Yonsei Medical Journal 1969;10(2):125-138
An investigation of extrapulmonary oxygenation was made in dogs, rabbits and, finally, in a case of Tetralogy of Fallot using an intestinal perfusion of hydrogen peroxide (H2O2). For a single administration, 0.4 per cent H2O2 can be given safely by enema, in doses of 10ml./Kg. of body weight, this would give maximum oxygenation in both the portal vein and inferior vena cava without the formation of gas emboli. Concentrations higher than this caused gas bubbles in the portal vein. For serial administrations, 0.2 per cent H2O2 can be given by enema exchanging the intestinal contents at 10 to 15 minutes intervals.

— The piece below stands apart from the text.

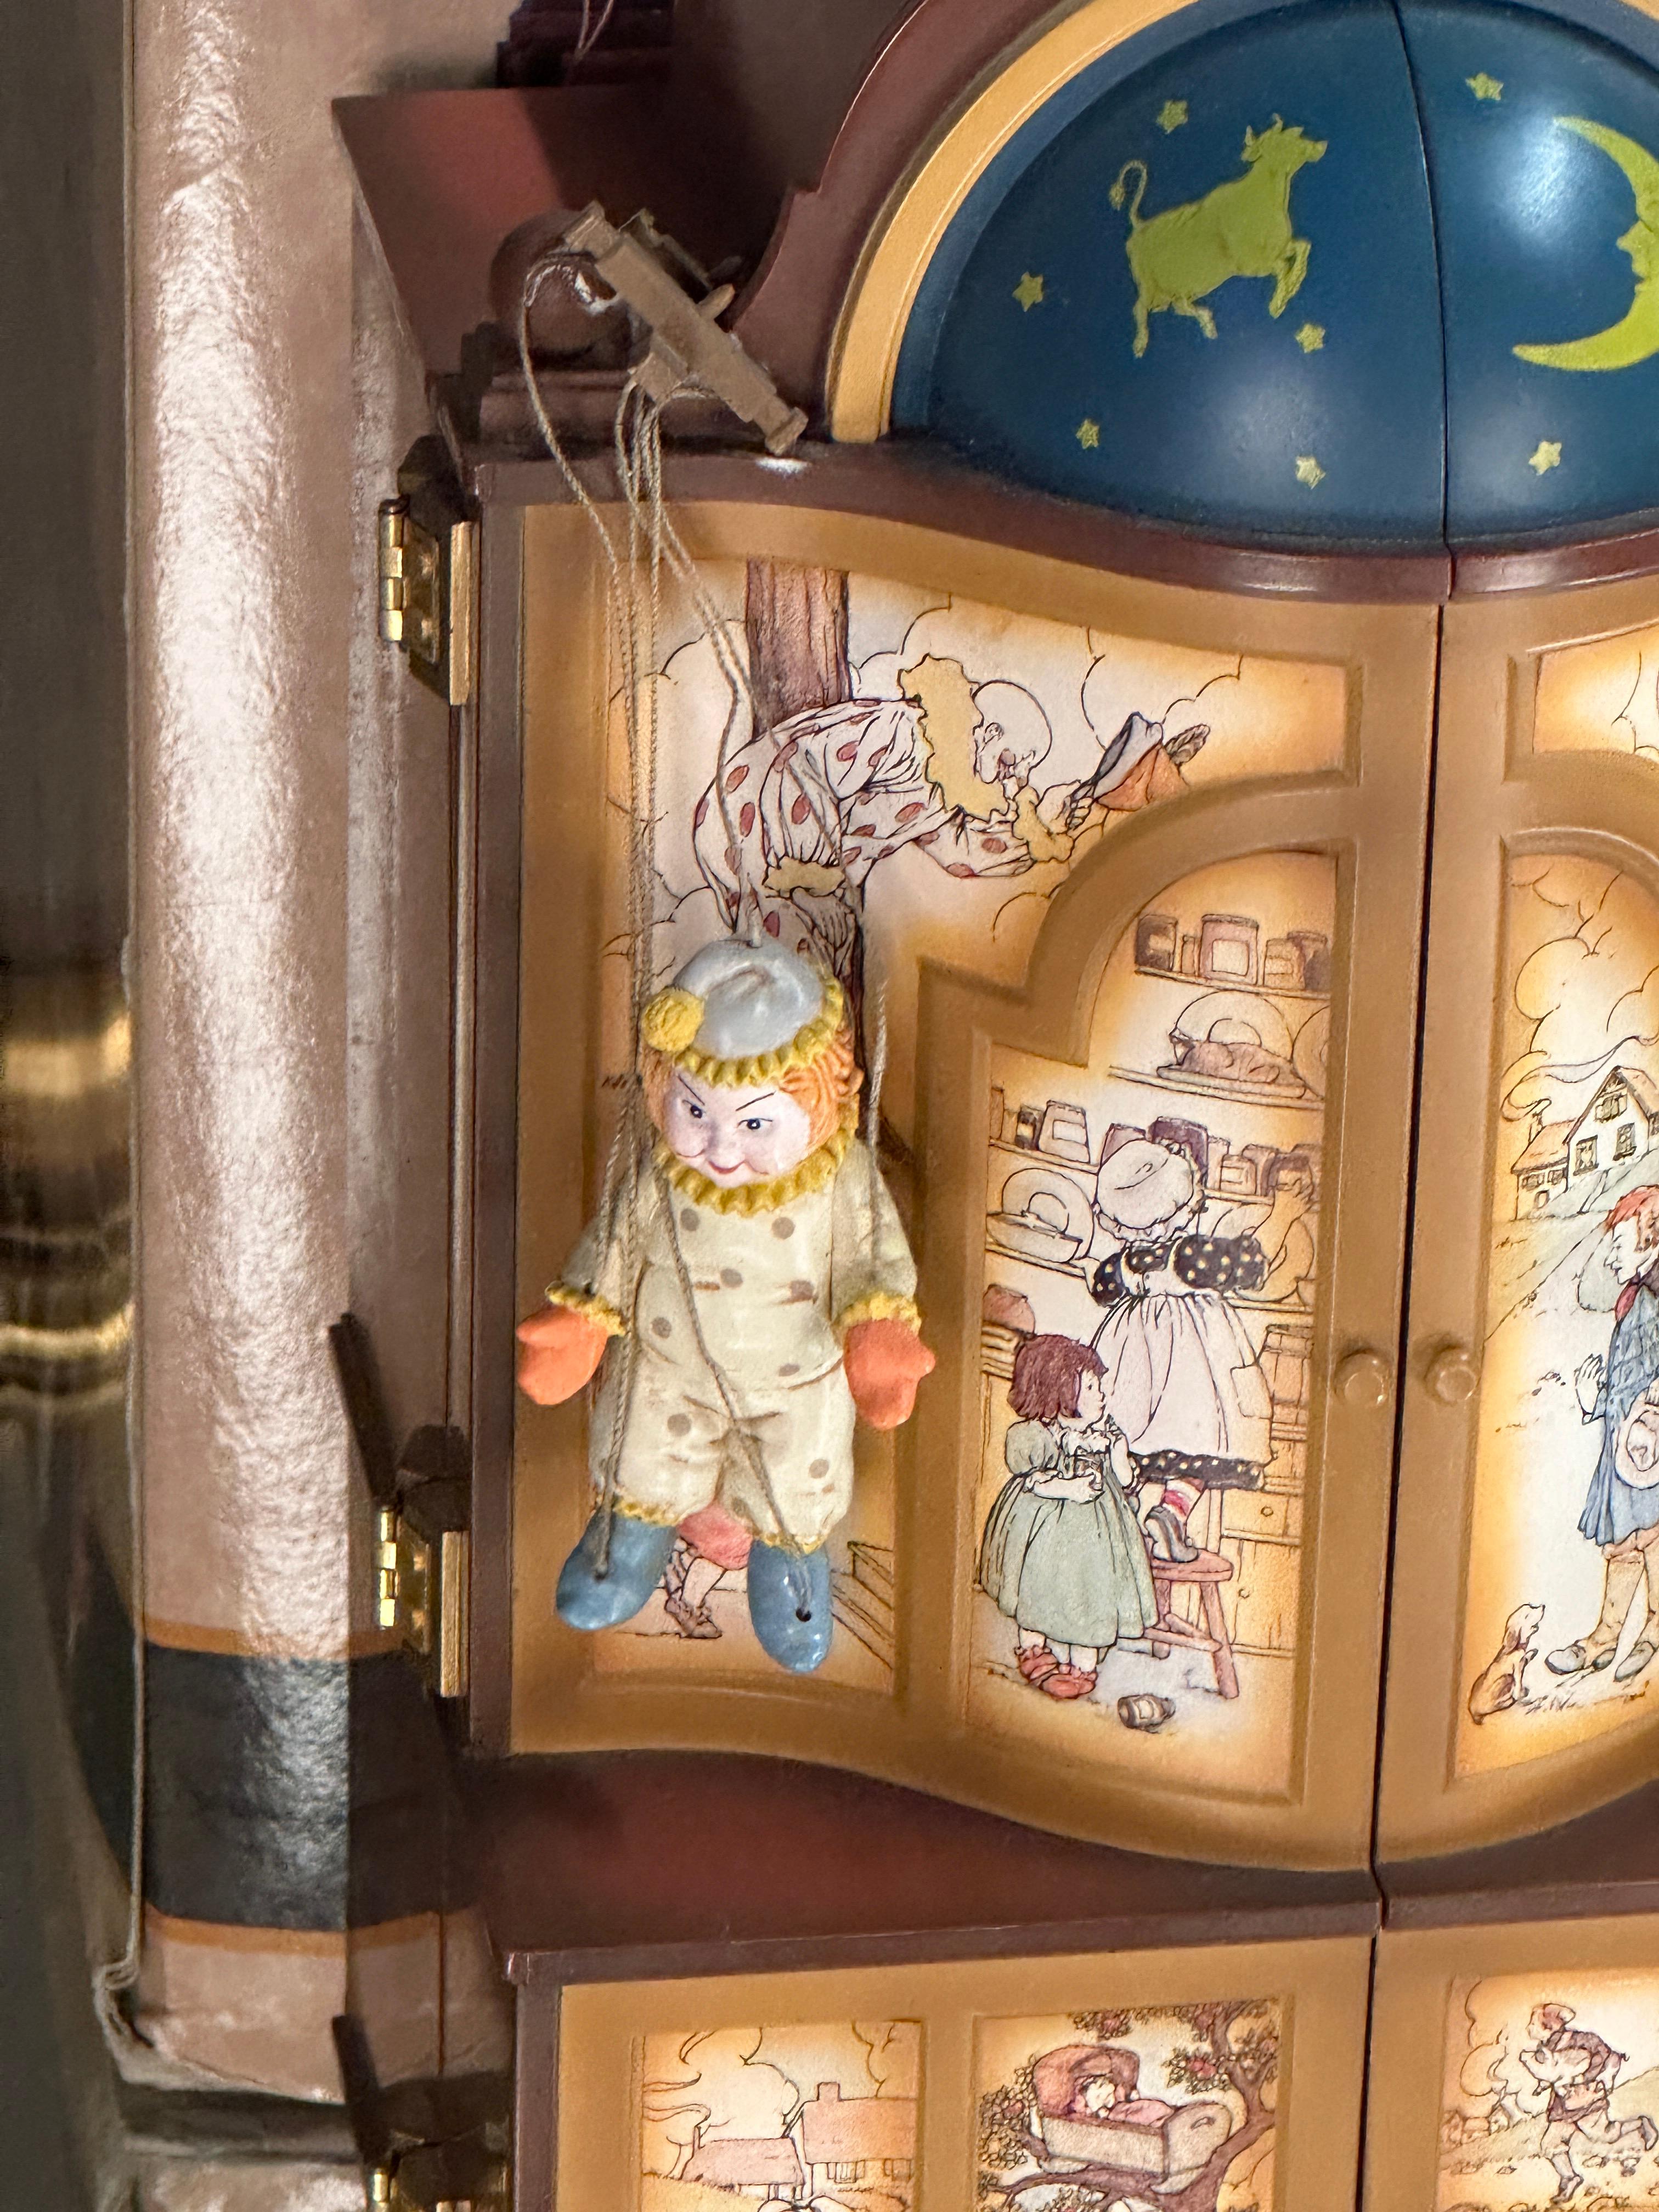 THE DREAM KEEPER Deluxe Toy Cabinet Action Musical

When given concomitantly with human whole blood, 1.0ml./Kg. of body weight, there is a prolonged higher oxygenation in the portal vein, inferior vena cava and femoral artery. This concentation of H2O2 would not cause gas emboli in the portal vein. Although extrapulmonary oxygenation is possible by giving oxygen by enema, this method would cause too much abdominal distension. In experiments of death by suffocation, the group given H2O2 had doubled the duration of E.K.G. activity when compared with controls. One patient with Tetralogy of Fallot, confirmed by clinical findings, X-ray studies, E.K.G. and cardiac catheterization, who was not suitable for cardiac surgery because of low mentality, was selected for this study. 0.2 per cent H2O2, 10ml. per Kg. of body weight by enema, exchanging intestinal contents at 30 minutes intervals, resulted in a marked elevation of the pO2 in the venous blood and in the inferior vena cava. There was a disappearance of finger tip and toe tip cyanosis and flushing of the soles and palms was noted during the procedure.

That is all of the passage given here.